Lucas and Del went through the house in thirty seconds, rotating down the hallway, clearing out the two bedrooms, then taking the stairs, cautiously, ready . . . Nothing.

At the top, Lucas heard the woman on her feet, and as Del held the stairs, Lucas shouted, “Wait here,” and ran back down. Gow was headed for the front door when Lucas hit her again. She yelped and went down, and he dragged her to a radiator and cuffed her to it. Del was still waiting at the top of the stairs; Lucas came and they cleaned out the second floor. Nobody.

Downstairs they checked the bedrooms again, this time for any sign of the Crows. It was all there: a stack of unmailed press releases, letters, two different sets of men’s clothing.

“I’m gonna talk to this woman,” Lucas told Del. “You shut the front door and call Anderson, tell him what we’ve got. Get a warrant down here, maybe we can finesse things later. And tell him we may want an ERU team for when the Crows come back.”

While Del went to call, Lucas walked back to Barbara Gow, who was lying on her side with her knees up to her face, weeping. Lucas uncuffed her and prodded her back with his foot.

“Sit up,” he said.

“Don’t hurt me,” she wailed.

“Sit the fuck up,” Lucas said. “You’re under arrest. Seven counts of first-degree murder. You have the right to remain silent . . .”

“I didn’t do anything.”

“You’re an accomplice . . .” Lucas said, squatting next to her, his face two inches from hers. He was not quite shouting, and he deliberately let spittle rain on her face.

“I didn’t do anything.”

“Where are the Crows . . . ?”

“I don’t know any Crows . . . .”

“Bullshit. All their stuff is in back.” He grabbed her by the blouse and shook her.

“I don’t know,” she said. “I don’t know where they went. They took my car.”

“She’s lying,” Del said. Lucas looked up and found Del standing over them. His eyes were dilated and he hadn’t shaved for several days. “Stay with her for just a second. I wanna run down to the bathroom.”

Lucas waited, watching the woman’s face. A few seconds later, they heard the bath water running.

“What’re you going to do?” Lucas asked when Del returned. He tried to sound interested—curious—but not worried.

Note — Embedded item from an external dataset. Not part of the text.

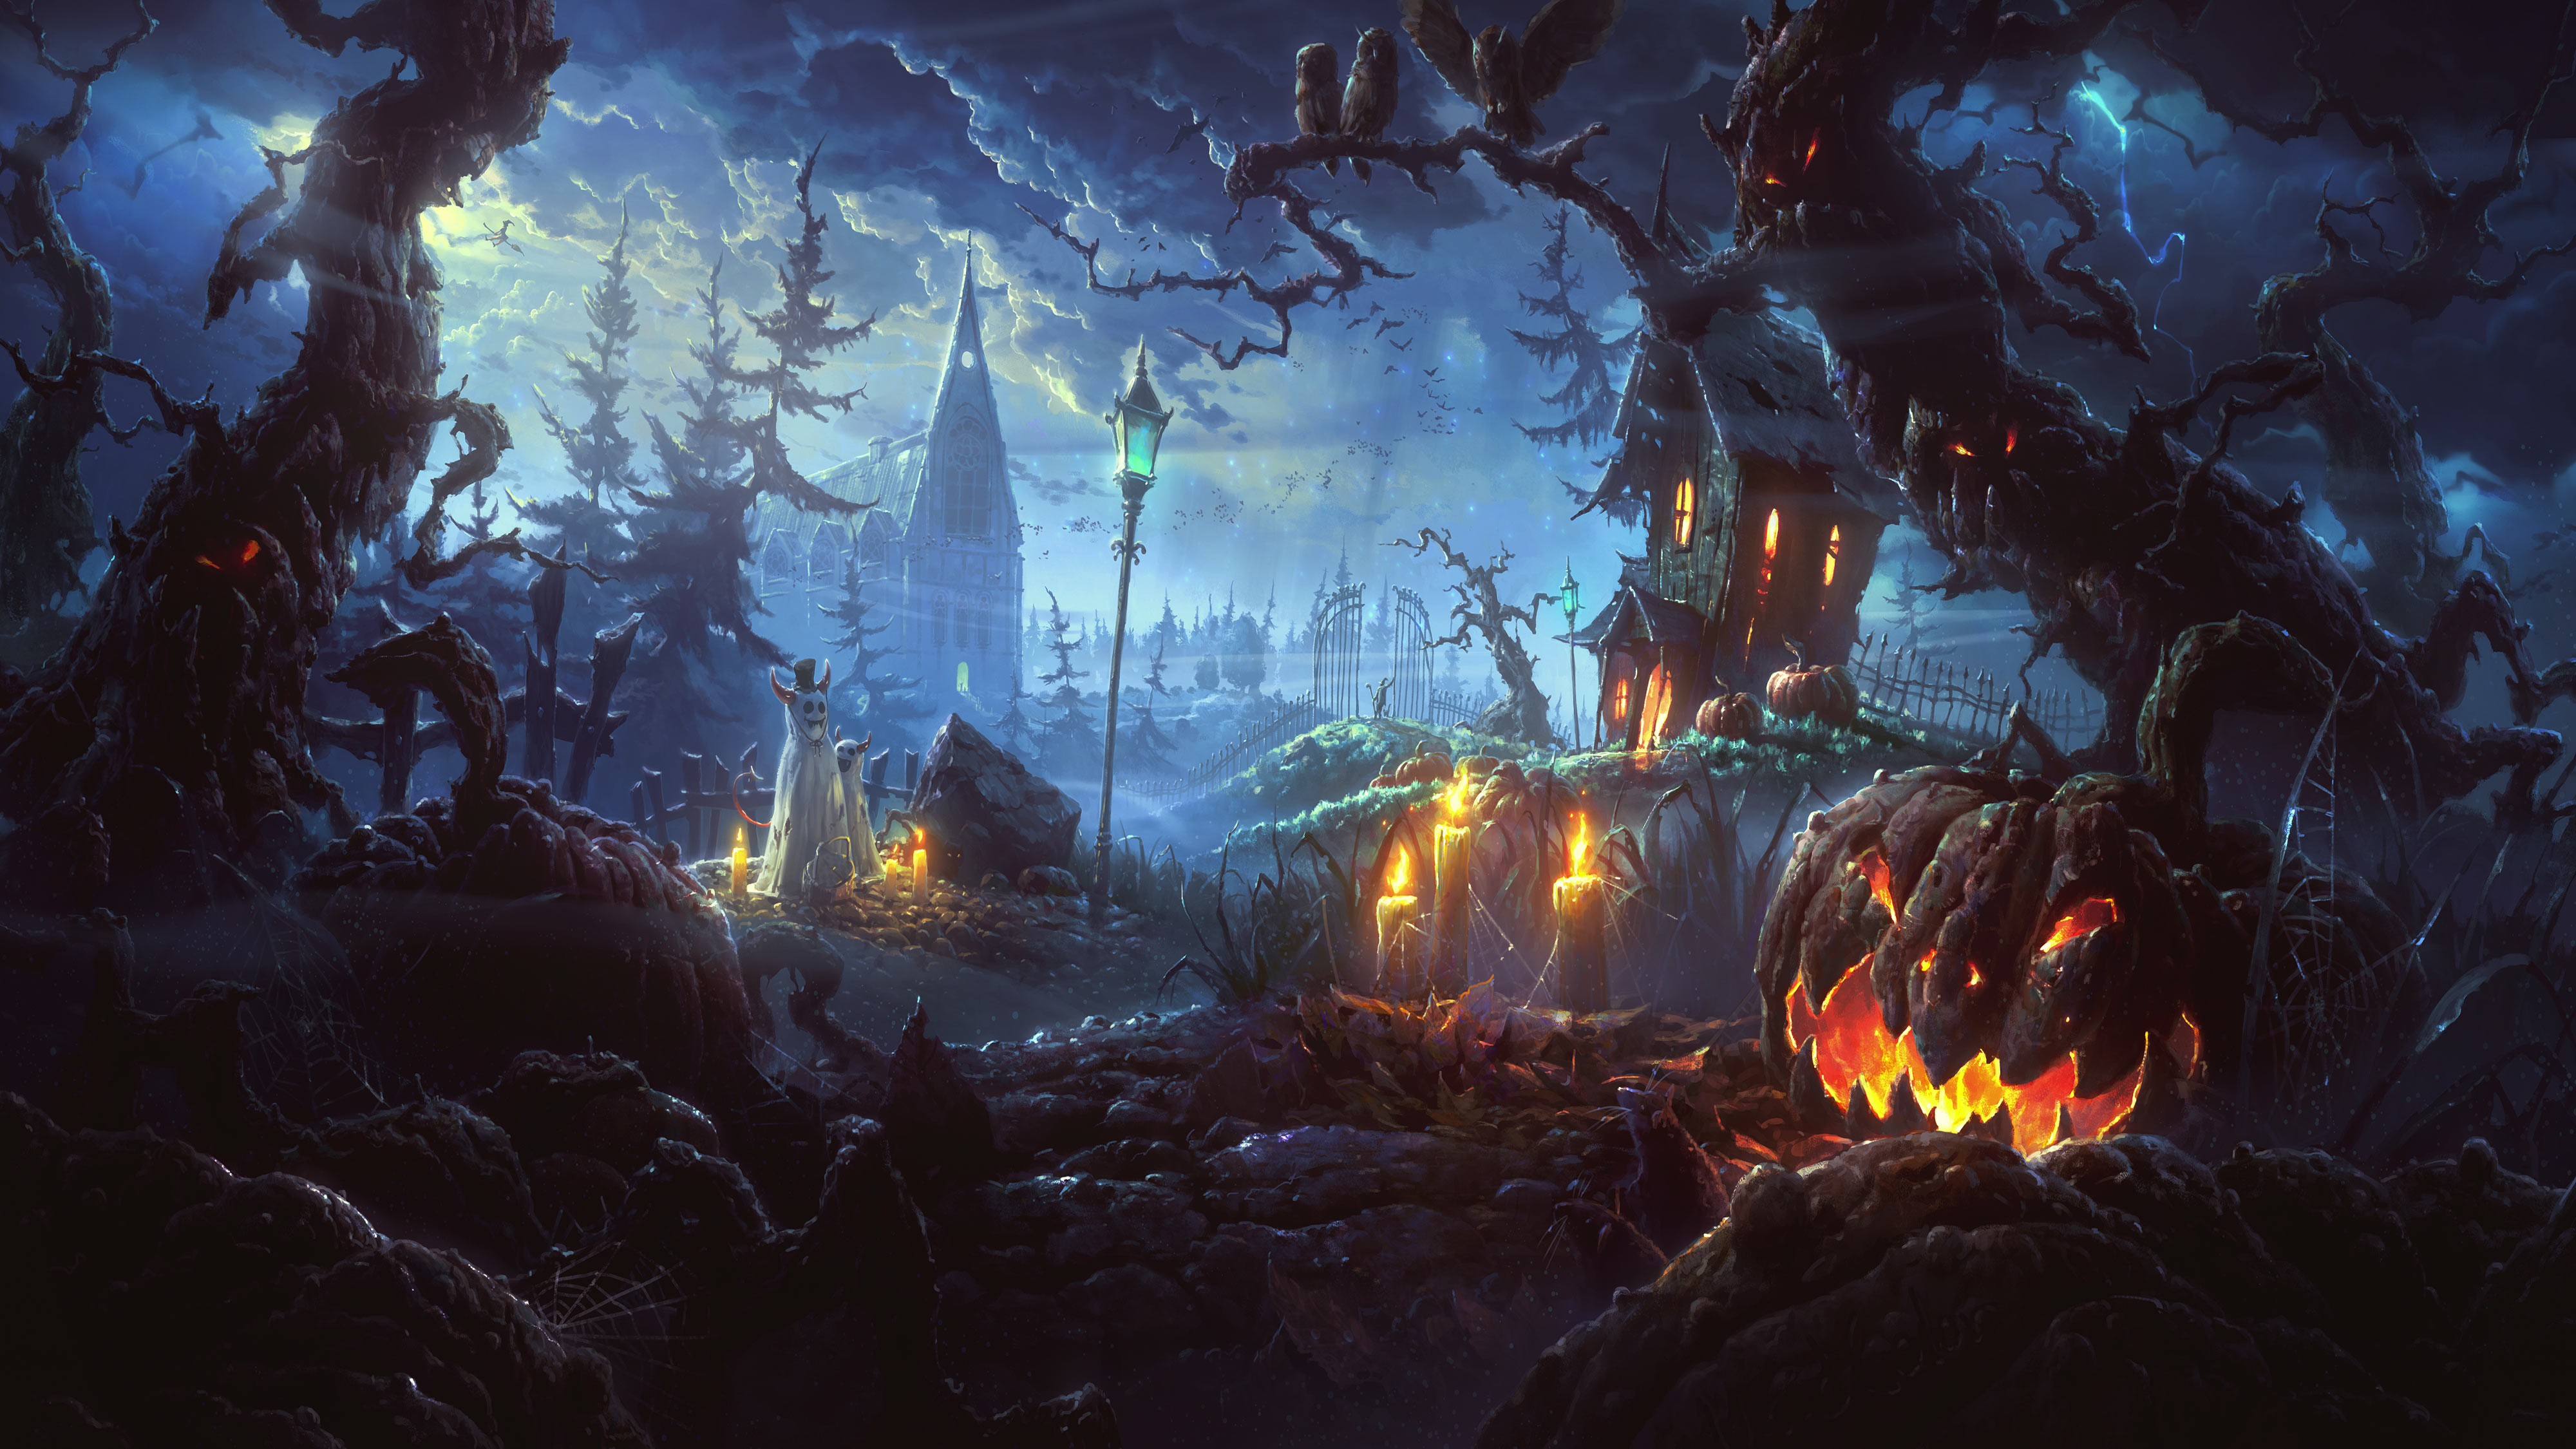 Gallery For gt Halloween Backgrounds For Computer

“She’s got nice hot water,” Del said. “So I thought maybe I’d give the bitch a bath.”

“Shit, I wish I’d thought of that,” Lucas said happily.

Gow tried to roll away from him but Del caught the old woman by the hair. “You know how many old women drown in the bathtub? Suck in that scalding hot water and can’t get out?”

“It’s a tragedy,” Lucas said.

“Let me go,” Gow screamed, struggling now. Del dragged her toward the hallway by the hair. She flailed at him, but he ignored it.

“There’s some coffee in the kitchen,” Del called. “Why don’t you go heat up some water, we can have a cup. This’ll only take a minute. She don’t look too strong.”

“They went to kill Clay,” Gow blurted.

“Jesus Christ.” Del let her go and the two men crouched over her.

“They can’t get to him. He’s got round-the-clock bodyguards,” Lucas argued.

“He sneaks out,” Gow said. “He has sex with little girls, so he sneaks out.”

Lucas looked at Del: “Motherfucker. They don’t crack the security. They get Clay to come out. Call Anderson and have him get onto the feebs. Find out where Clay is. And get Daniel.”

Del dashed down the hall toward the telephone and Lucas gripped the old woman’s hair.

“Tell me the rest. I’ll testify in court for you. I’ll tell them you helped; it might get you off. Where’d they go?”

Tears ran down her face and she sobbed, unable to talk.

“Talk to me,” Lucas screamed, shaking the old woman’s head.

“There’s a man named Christopher Drake. Corky Drake. He lives up in Kenwood somewhere,” Barbara Gow sobbed. “Clay goes to his house for the girls.”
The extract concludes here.